== DATA TO USE
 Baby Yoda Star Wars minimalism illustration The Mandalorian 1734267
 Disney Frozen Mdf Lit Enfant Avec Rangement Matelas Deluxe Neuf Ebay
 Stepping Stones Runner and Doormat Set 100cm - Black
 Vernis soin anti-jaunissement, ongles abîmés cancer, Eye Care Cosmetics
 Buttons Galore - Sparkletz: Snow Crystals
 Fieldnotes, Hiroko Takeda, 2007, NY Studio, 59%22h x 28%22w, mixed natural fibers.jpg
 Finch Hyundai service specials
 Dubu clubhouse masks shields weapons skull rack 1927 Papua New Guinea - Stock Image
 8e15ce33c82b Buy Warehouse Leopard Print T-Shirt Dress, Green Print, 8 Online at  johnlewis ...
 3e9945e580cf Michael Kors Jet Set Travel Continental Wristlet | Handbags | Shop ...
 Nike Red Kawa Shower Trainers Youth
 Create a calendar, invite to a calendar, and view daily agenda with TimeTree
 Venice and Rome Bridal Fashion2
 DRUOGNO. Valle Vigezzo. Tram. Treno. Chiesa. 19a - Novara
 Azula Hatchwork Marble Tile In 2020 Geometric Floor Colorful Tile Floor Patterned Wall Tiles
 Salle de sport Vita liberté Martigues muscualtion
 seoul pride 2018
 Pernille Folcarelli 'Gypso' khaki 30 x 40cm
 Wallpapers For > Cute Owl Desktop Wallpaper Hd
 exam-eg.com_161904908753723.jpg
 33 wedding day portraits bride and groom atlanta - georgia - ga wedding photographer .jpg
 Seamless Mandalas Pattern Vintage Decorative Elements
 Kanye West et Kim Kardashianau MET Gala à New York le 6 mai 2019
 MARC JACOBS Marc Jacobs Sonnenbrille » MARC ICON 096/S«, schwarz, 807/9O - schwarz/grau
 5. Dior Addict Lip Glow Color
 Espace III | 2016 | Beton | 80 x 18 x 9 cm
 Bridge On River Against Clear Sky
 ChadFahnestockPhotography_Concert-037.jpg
====
◆ **PROMPT**
In the answer, include exactly the lines from the line containing "Pernille Folcarelli 'Gypso' khaki 30 x 40cm" through the end of the data, and nothing else.

◆ **TASK ANSWER**
 Pernille Folcarelli 'Gypso' khaki 30 x 40cm
 Wallpapers For > Cute Owl Desktop Wallpaper Hd
 exam-eg.com_161904908753723.jpg
 33 wedding day portraits bride and groom atlanta - georgia - ga wedding photographer .jpg
 Seamless Mandalas Pattern Vintage Decorative Elements
 Kanye West et Kim Kardashianau MET Gala à New York le 6 mai 2019
 MARC JACOBS Marc Jacobs Sonnenbrille » MARC ICON 096/S«, schwarz, 807/9O - schwarz/grau
 5. Dior Addict Lip Glow Color
 Espace III | 2016 | Beton | 80 x 18 x 9 cm
 Bridge On River Against Clear Sky
 ChadFahnestockPhotography_Concert-037.jpg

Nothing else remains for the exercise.